Jay Loden wrote:
> Roy Smith wrote:
>> In article <[EMAIL PROTECTED]>,
>>  billiejoex <[EMAIL PROTECTED]> wrote:
>>
>>> Hi there.
>>> I'm setting up test suite for a project of mine.
>>> >From test suite, acting as a client, I'd like to know, in certain
>>> situations, if the socket is closed on the other end or not.
>>> I noticed that I can "detect" such state if a call to socket.read()
>>> returns 0 but it seems a little poor to me. :-\
>>> Is there a reliable way to test such socket 'state'?
>> This isn't really a Python question, it's a Berkeley Socket API question.  
>> You don't say, but I assume you're talking about a TCP (i.e. SOCKSTREAM) 
>> connection?
>>
>> The answer is you can use the select() system call to detect "exceptional 
>> conditions" on a socket.  Python's select module provides this 
>> functionality, but to understand how to use it, you need to study the 
>> underlying API.
> 
> Thanks for the interesting information and suggestion of using select(). You 
> are correct that this is actually mostly a socket API question but pertains 
> to Python since the code is all Python's socket and asyncore modules. It 
> might help to step back and explain the original problem.
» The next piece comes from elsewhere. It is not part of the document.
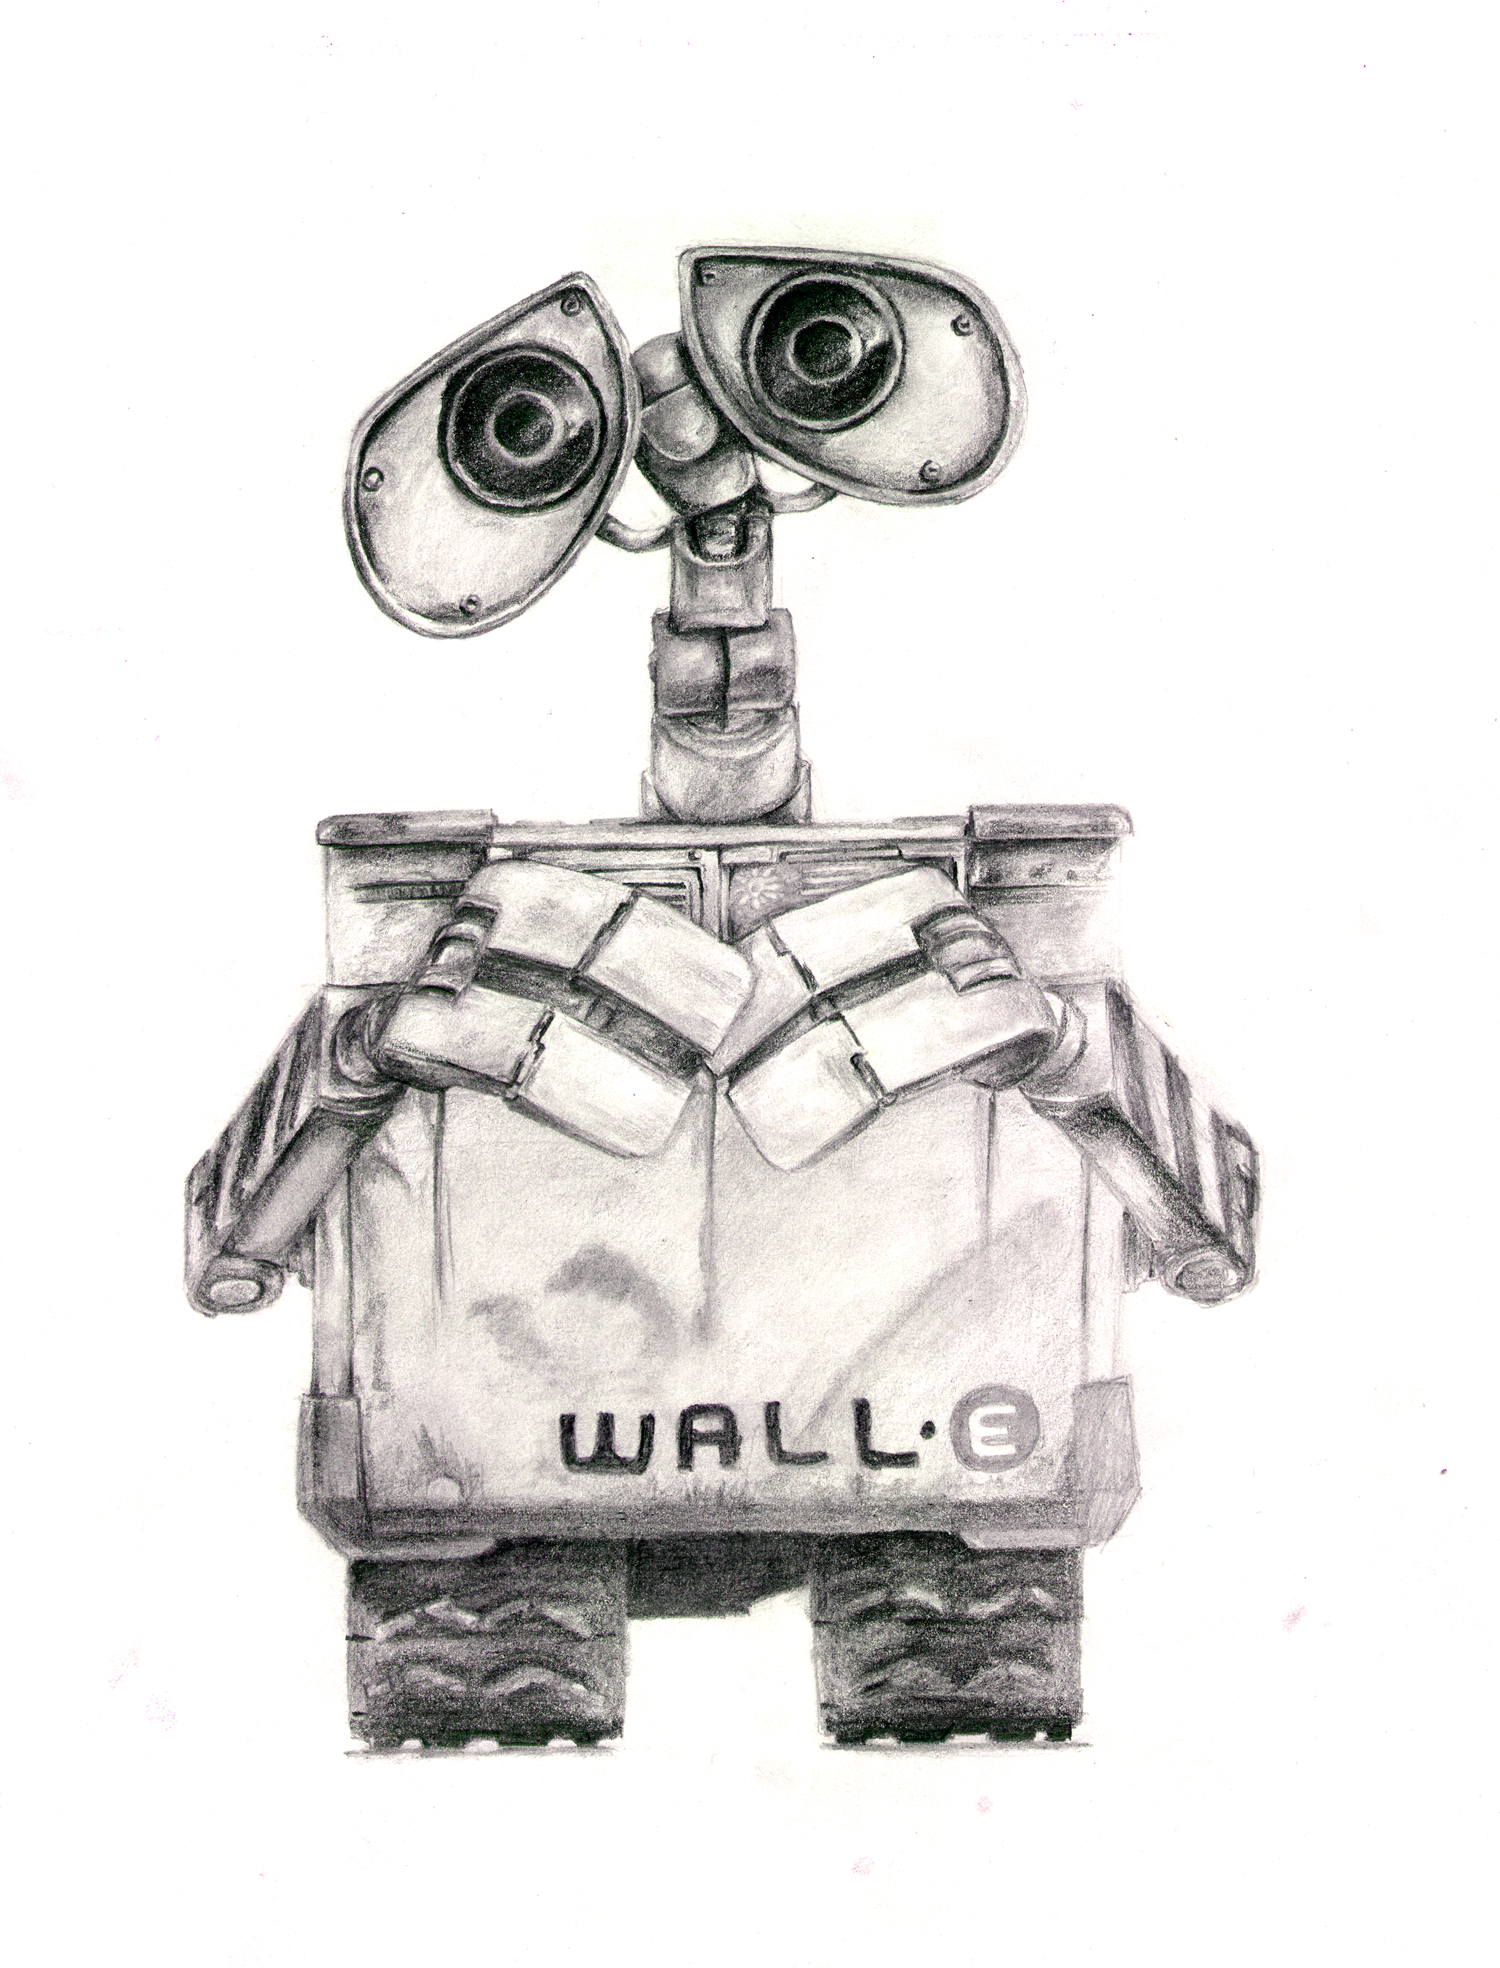 walle by R1V3G0 on deviantART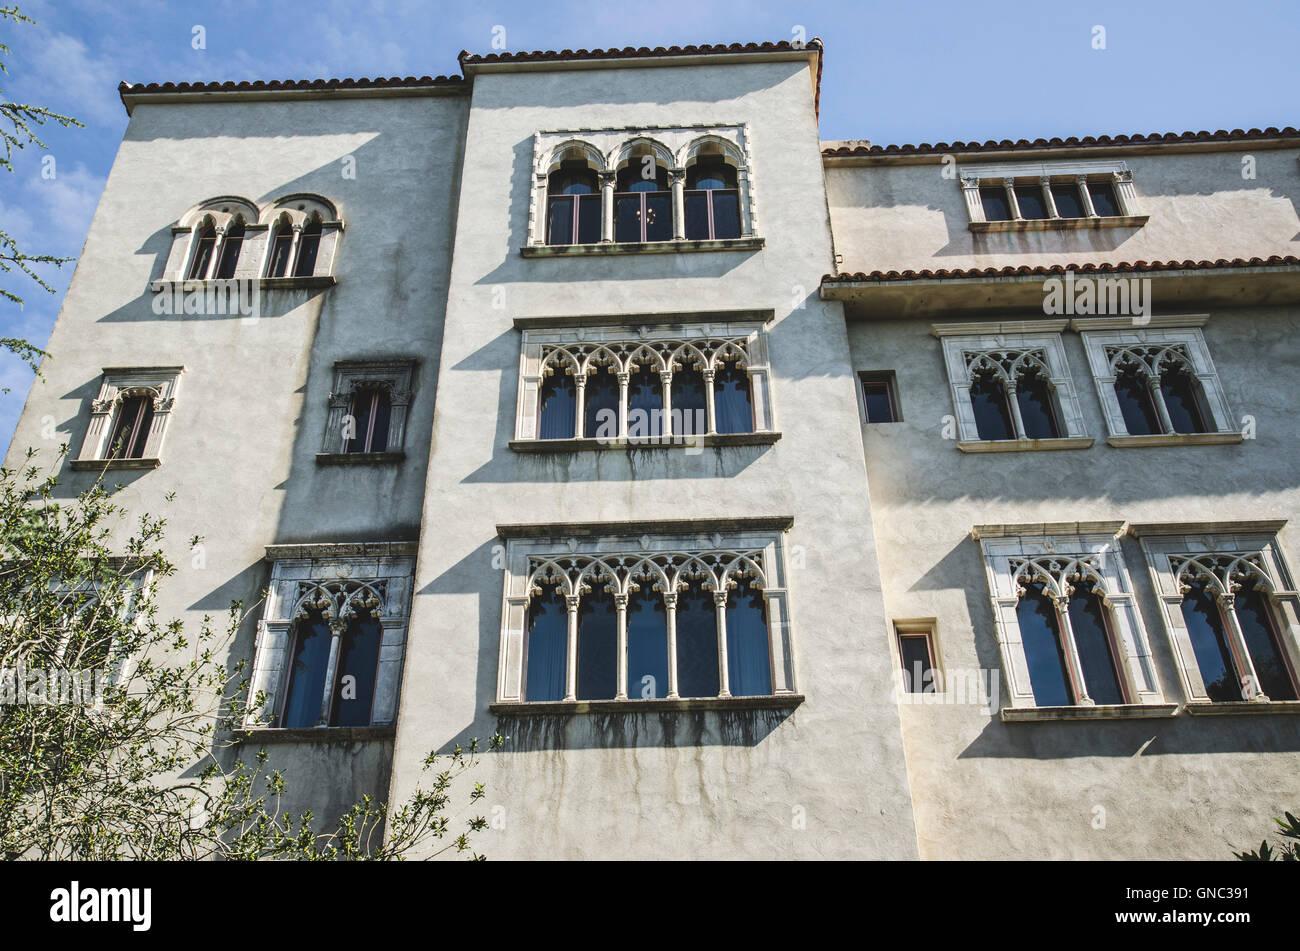 Heart Castle Detail, San Simeon, California, USA - Stock Image

The goal of this 
> portion of the test suite we are writing for the project is to determine if a 
> remote server is behaving properly by closing a socket from the server side 
> based on a client-side command.
> 
> Really what's needed is a way to make sure the socket gets closed, and 
> preferably determine if it was closed from the remote end as expected. Do you 
> know if this is possible to determine from the client side 
> reliably/accurately? Would select()'s exceptional condition flag actually 
> indicate whether or not the root cause of the condition was a socket closed 
> by the remote peer? I've read through the select's manpage and I can't seem 
> to find a reference that indicates what the possible values are for the I/O 
> descriptor sets returned by select. Is there another man page, or a place in 
> the header file for select I can look?

Use select to determine if the socket is readable and writable.  If it 
is, yet you can't send or receive to/from it, then it is closed.